The shelf life of tilapia fillets stored at fluctuating temperature regimes 1 and 2 should not exceed 32 and 22 h, correspondingly, when the TVC surpassed the threshold of 6 log CFU/g (Figs. 5 and 6). At dynamic temperature regime 2, the TVC started at 5.55 log CFU/g and went up to 11.32 log CFU/g after 168 h. There was a rapid rise in the TVC after 22 h, and the load at 50 h reached 7.45 log CFU/g, superior to the allowable limit. Temperature fluctuations during storage, preservation, distribution, and transportation can all affect product quality because the speed of chemical, biochemical, and microbiological reactions is related to temperature. This affects food safety during cold storage in the supply chain (Casanova et al., 2022).

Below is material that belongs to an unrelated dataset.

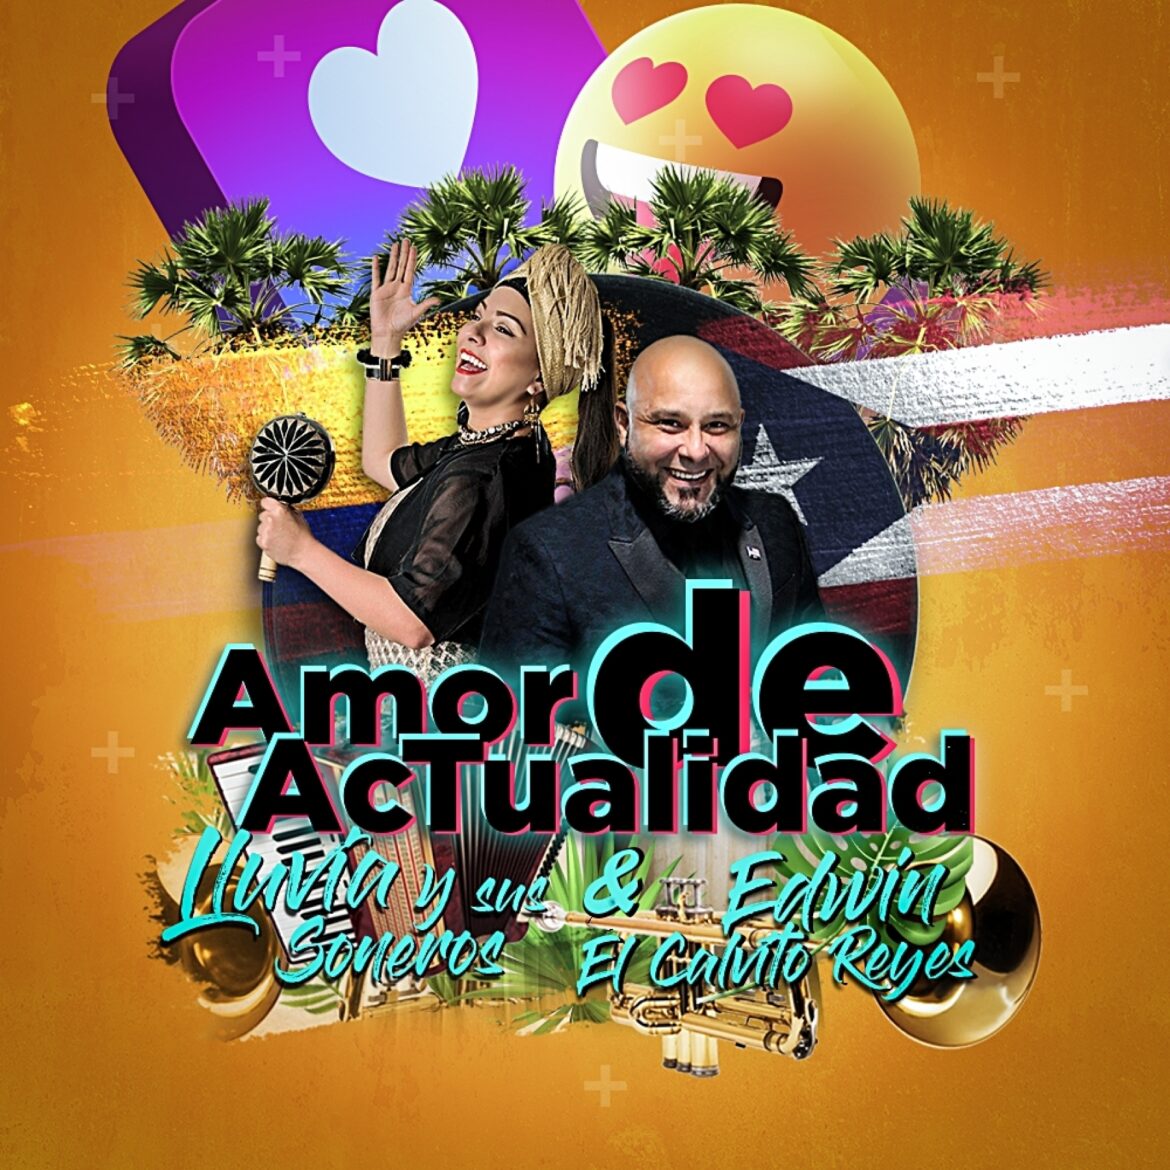 Edwin “El Calvito” Reyes & Lluvia y Sus Soneros presentan “Amor de Actualidad”

Six out of 8 (75%) of measured TVC were within the acceptable simulation zone (ASZ; which includes ± 0.5 log CFU/g areas around the predicted line) at dynamic temperature regime 1, while 7/9 observed TVC (77.78% of the values) fell within the ASZ at dynamic temperature regime 2. The model is regarded as reliable if at least 70% of observed values are within the ASZ (Martinez-Rios et al., 2016; Nga & Van, 2021; Østergaard et al., 2014). In the prediction of the TVC in black tiger shrimp during the cold supply chain, 11/14 observed data (78.57%) were in the ASZ, and 3/14 samples (14.23%) outside the projection region were in the “false safe” prediction area (Nga & Van, 2021). In other studies, 83% determined numbers of Listeria monocytogenes in cheese (Østergaard et al., 2014) and 78% measured counts of psychrotolerant Pseudomonas spp. in milk were within the ASZ (Martinez-Rios et al., 2016). The findings of this research proved that the established models were reliable to use in predicting the TVC, thus the shelf life of tilapia fillets based on the TVC margin.
Fig. 7 reveals a rising trend in the TVC during storage. The TVC initiated at 5.45 log CFU/g, increased over storage time and reached 6.39 log CFU/g after 22 h of storage. After 7 days (168 h), the TVC was extremely high (11.71 log CFU/g).

Eight out of 9 values (88.89%) of actual TVC were within the prediction range (ASZ) and only 1 value (11.11%) of observed TVC was in the “fail-safe” zone. The results of previous studies showed that 85% of TVC and Pseudomonas spp. loads in Pangasius fillets recorded in the ASZ (Mai & Huynh, 2017), about 83% of L. monocytogenes counts in fresh cheese lied within the ASZ (Østergaard et al., 2014).
Our findings showed the efficient application of the kinetics models for bacterial growth in tilapia fillets at the cold supply chain end. Based on the elapsed storage temperature, the TVC of Nile tilapia fillets could be predicted at any point of time in the chain downstream, enabling the prediction of a safe storage time of tilapia fillets. The developed models might also be helpful for food stakeholders in managing their product quality in a faster, more accurate, and cost-effective way.
Conclusion
According to research results, microorganisms increase rapidly when storage temperature is violated, TVC exceeds the prescribed threshold of 6.39 log CFU/g after 32 h of storage. After 7 days (168 h) of tilapia fillet storage, the TVC was extremely high, reaching 11.71 log CFU/g. Based on the changes in bacterial counts over time observed at different stable temperatures, the growth models for the cold-tolerant aerobic bacteria and Pseudomonas spp. were developed, with the relatively high value of R2. Model validation at dynamic temperatures of imitated and real-life conditions supported the possible implementation of the models in predicting the bacterial counts on the ground of temperature records, helping to identify the shelf life of products during supply chains.